Predictably, lawmakers entered the 2024 legislative session with a focus on affordability for Coloradans, as average costs continue to rise for housing, groceries and other living expenses.

They did so by passing a series of tax credits and tax-related fiscal measures that seek to keep more money in people’s pockets or find a way to return it during tax season.

“Because of our work, the future is brighter, especially for our children and families. We increased tax credits for hardworking Coloradans and families with children, putting hundreds of millions back into the pockets of the people feeling the brunt of the high cost of living in this state,” House Speaker Julie McCluskie, a Dillon Democrat, said after the session concluded.

House Bill 24-1311: Child poverty reduction

The new Family Affordability Tax Credit will be available to families with children up to 16 years old as an effort to dramatically reduce childhood poverty. The credit amount would depend on income, inflation and economic growth and would be a maximum of $3,200. It will be available to single filers who make up to $75,000 or joint filers who make up to $85,000.

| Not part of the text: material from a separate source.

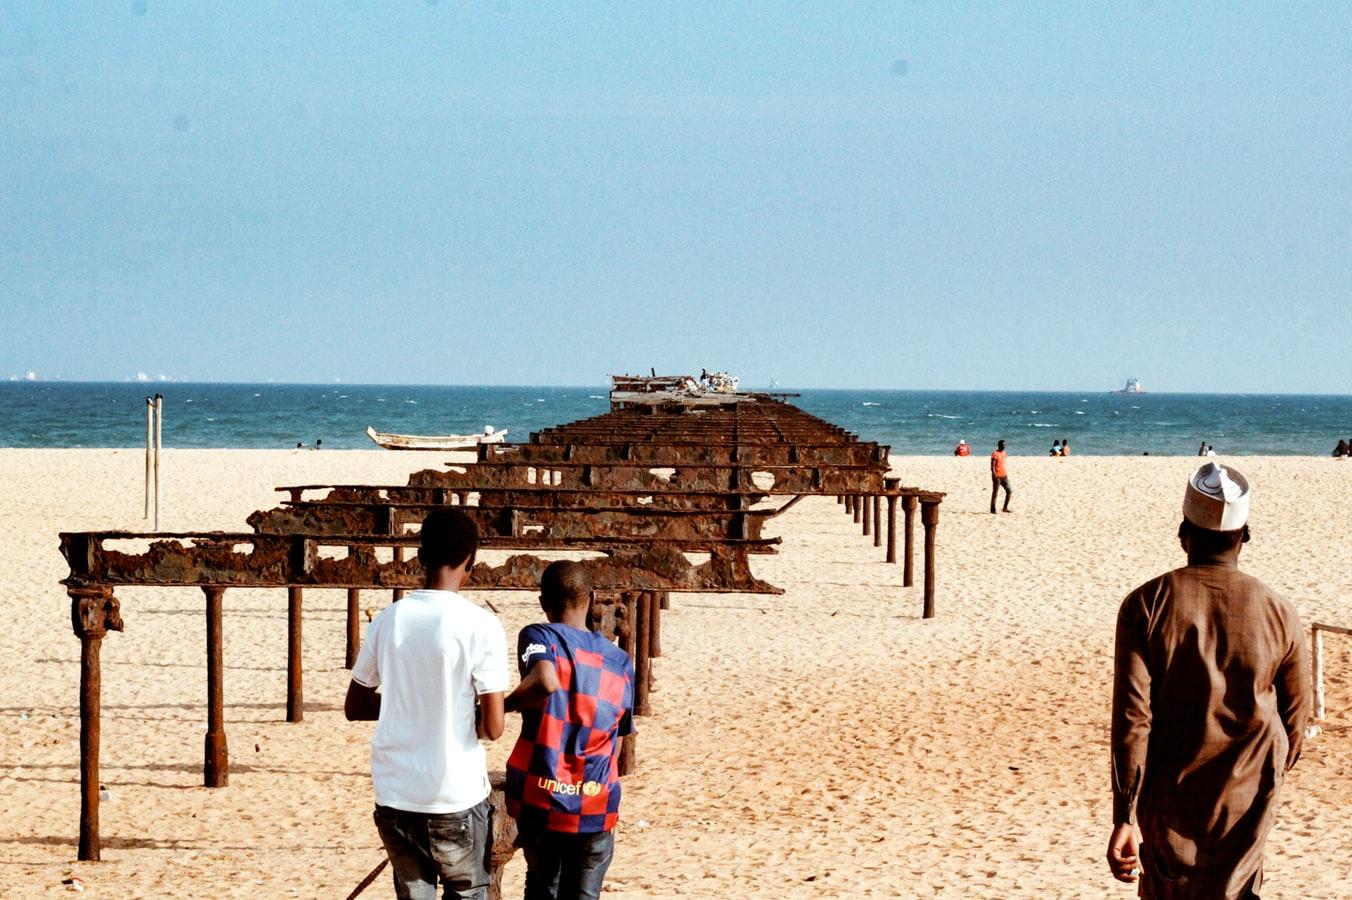 Rostiger Pier am Strand in Togo

“There are over 133,000 Colorado kids living in poverty, and this bill, coupled with the Earned Income Tax Credit, will dramatically cut our child poverty rate,” bill sponsor Rep. Jenny Willford, a Northglenn Democrat, said in a statement following its House passage. “These tax credits boost the incomes of our lower and middle-income families so they can keep their children safe and healthy by accessing quality health care, school supplies, and fresh food.”

The bill has not yet been signed by the governor.

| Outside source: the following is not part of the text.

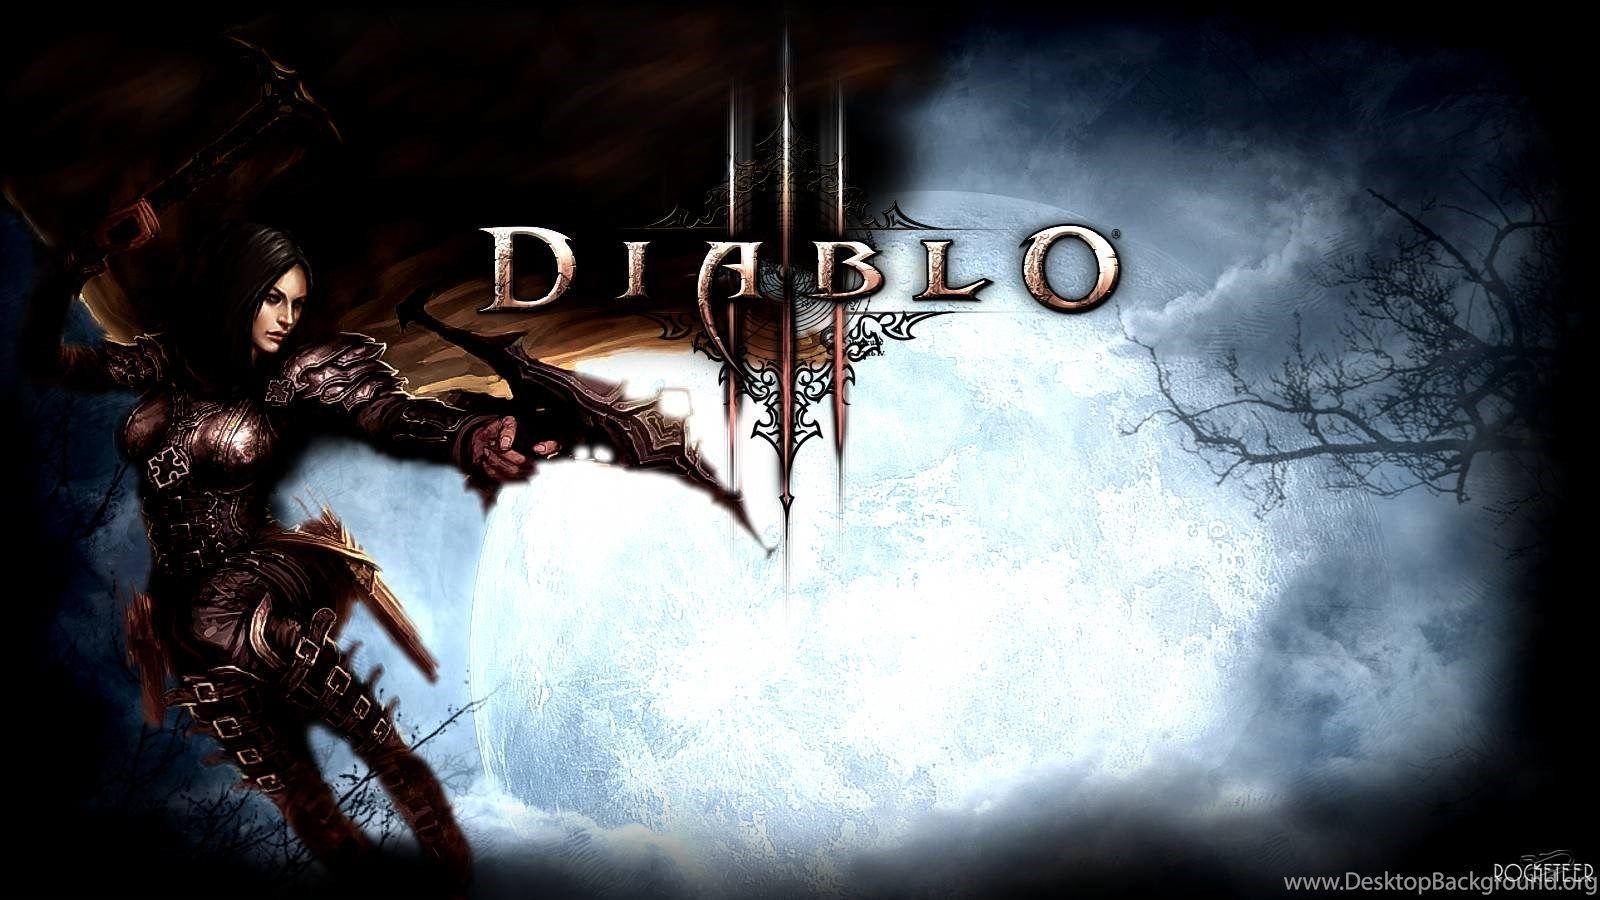 Diablo 3 Demon Hunter Wallpapers Hd Wallpaper Cave

House Bill 1052: Senior housing income tax credit

Under this bill, qualifying seniors aged 65 and older who make under $75,000 will be able to claim a tax refund up to $800 for the 2024 tax year. Those who claim a homestead property exemption would not be eligible.

Seniors who receive a property tax and rent assistance grant or heat assistance grant can get the maximum refund regardless of income.

This bill passed with near unanimous, bipartisan support.

It has not yet been signed into law by the governor.

House Bill 24-1134: EITC expansion

This bill implements a few tax-related adjustments, including expanding the state’s Earned Income Tax Credit for low-income households. It would set that credit at 50% of the federal EITC for 2024, 35% for 2025 and at least 30% for 2026 and beyond. The credit could go back up to 50% in years with strong economic growth. It would apply to households that make up to $65,000.

The bill also merges the Child and Dependent Care Tax Credit and the Low-income Child Care Expenses Tax Credit and creates the Child and Dependent Care Tax Credit. That new tax credit expands the state’s scope of qualified dependent to match the federal definition. It would apply to taxpayers who make up to $60,000.

The bill has not yet been signed by the governor.

Senate Bill 24-228: Temporary income tax cut

This bipartisan bill would create temporary income tax cuts in years when the state collects a certain amount of revenue over a state constitutional cap as a method to refund money to taxpayers. This year, for example, it would cut the income tax rate from 4.4% to 4.25% for about $450 million in relief.

If the revenue surplus is above $1.5 billion, the sales tax rate would be cut under the bill as well.

The bill has not yet been signed by the governor.

Senate Bill 24-233: Property tax cut

This property tax bill came at the tail end of session after months of work from the bipartisan Property Tax Commission. This year, the bill will cut residential property assessment rates and save homeowners a few hundred dollars.

It caps local property tax growth at 5.5% starting in 2025. It will also decouple assessment rates for school districts and other taxing districts, putting school districts at a flat 7.15% assessment rate and other entities at 6.95%. It will also set an annual revenue growth cap at 5.5%.

Additionally, it will exempt 10% of the value of homes under $700,000.

The bill will not take effect if voters pass a property tax-related ballot measure this November.

“I’m proud that we have come up with a long-term, bipartisan solution that will save Colorado homeowners and small businesses money on property taxes,” bill sponsor Rep. Chris deGruy Kennedy, a Lakewood Democrat, said in a statement after its passage in the House. “This legislation will responsibly reduce property taxes in a meaningful way to save people money while protecting school funding.”

The bill has not yet been signed by the governor.